A group of Apple shareholders have confirmed plans to re file a lawsuit against the company over its backdating of stock options after a judge rejected their suit.

Judge Jeremy Fogel of the US District Court for the Northern District of California on Monday rejected claims of fraud raised by the shareholders. He did allow the litigants the chance to revise their complaint, which they have confirmed they intend to do.

The judge agreed with Apple that the alleged false proxy statements cited in the case landed beyond the statute of limitations, but he gave the plaintiffs an option to amend their complaint to change their argument.

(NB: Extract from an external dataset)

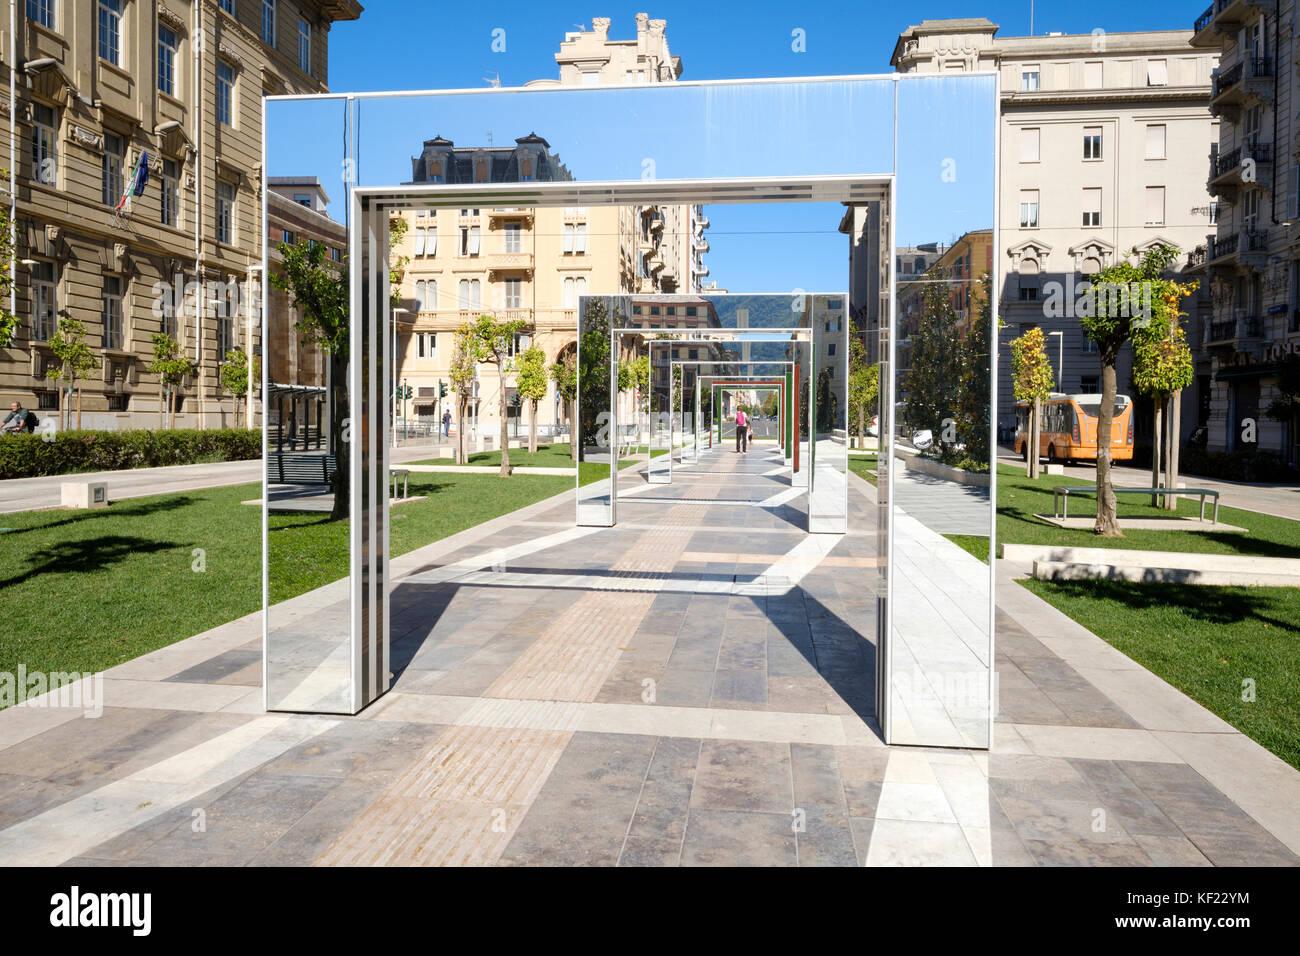 Structures miroir par Daniel Buren sur la piazza Verdi à la Spezia, ligurie, italie Photo Stock

He described the plaintiff's arguments as "too general", and requested more detail.

A SEC probe was launched into Apple earlier this year for options grants which were awarded but the dates of which were changed to make for better profits (backdating).

The lawsuit was filed on 30 June, 2006. It claims company directors and officers, including CEO Steve Jobs, didn't do their job correctly and lied to shareholders when they backdated some option awards made between 1997 and 2001. The shareholders want any backdated options or profits on strength of them to be returned to the company.

The same judge last week rejected a similar shareholder lawsuit led by a New York pension scheme, but also offered the plaintiffs in that case the chance to re file their claims by joining this other case, Apple Computer Inc. Derivative Litigation, 06-04128.